Suppose I have to use bilinear interpolation to rescale image. I more or less understand how enlargement works in case of integer scale factor.

But what to do with non-integer scale and especially when you need to downsample an image?


1 Answer 1



With a non-linear scale, you apply different weights for each pixel (or whatever unit you are using). You can use Euclidean distance towards the closest pixels in both directions to determine the weights.



For example, in the image below, the red image is the downsampled image (3x3) and the black image is the original image (4x4). The dots represent the sample points (center of the pixels).

You can align the two images by treating each pixel coordinate as a set of two values (x and y) between 0 and 1 (inclusive). Pixels should not be treated as square, so you should treat each pixel as a point rather than a square (when aligning the two images).

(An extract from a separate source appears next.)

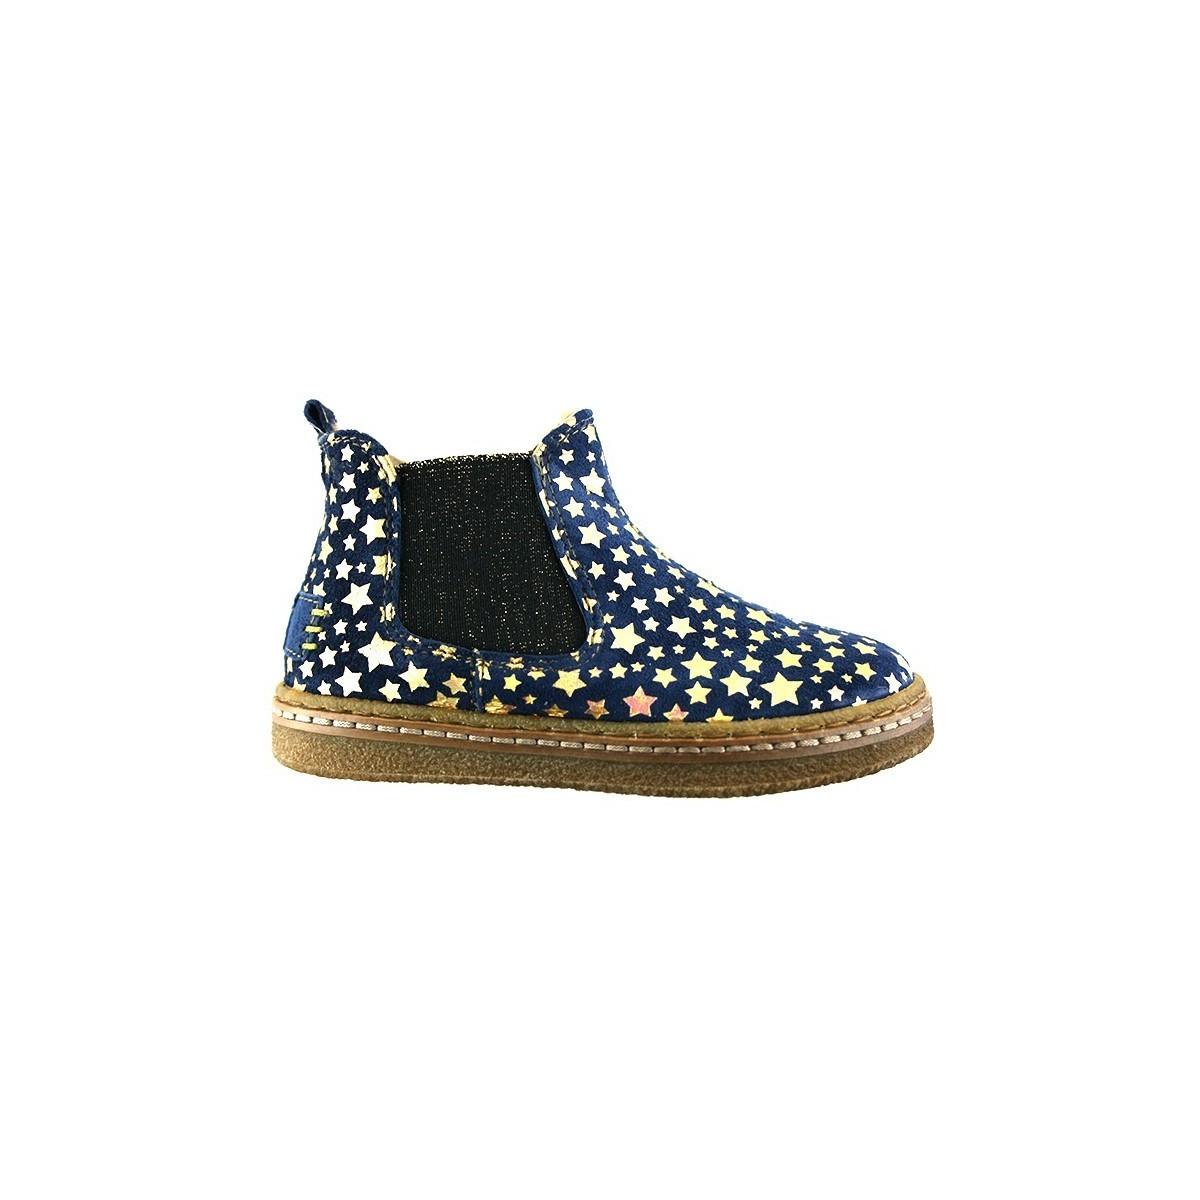 Boots cuir bleu étoile

Larger and downsampled image

In the above image, the four corners would all carry the weight of the original image's four corners, for example. The points in the middle would carry different weights depending on the difference between the four neighboring points.

With numbers:

This is a hypothetical area to sample in larger images (not related to the image above). The distances are between original pixels are normalized from 0 to 1 to simplify the math.

The black dots represent the sample points (pixels) of the original image. The larger red dots represent the sample points of the downsampled image. The red dot in the top left is closer to the black dot in the top left than the other three surrounding dots, so that pixel will have a heavier weight for determining the color of the downsampled pixel.

Closeup of sampling region

Horizontal distance from:

  • Right 2 original (green) pixels = 0.1 pixels
  • Left 2 original (green) pixels = 0.9 pixels

Vertical distance from:

  • Top 2 original (green) pixels = 0.1 pixels
  • Bottom 2 original (green) pixels = 0.9 pixels

Weight for final pixel: $$weight(0, 0) = (1.0 - 0.1)(1.0 - 0.1) = 0.81$$ $$weight(0, 1) = (1.0 - 0.1)(1.0 - 0.9) = 0.09$$ $$weight(1, 0) = (1.0 - 0.9)(1.0 - 0.1) = 0.09$$ $$weight(1, 1) = (1.0 - 0.9)(1.0 - 0.9) = 0.01$$

Subtract from 1 both the horizontal and vertical distance (because closer pixels should carry more weight). The scale factor in this example is 0.75 in each direction.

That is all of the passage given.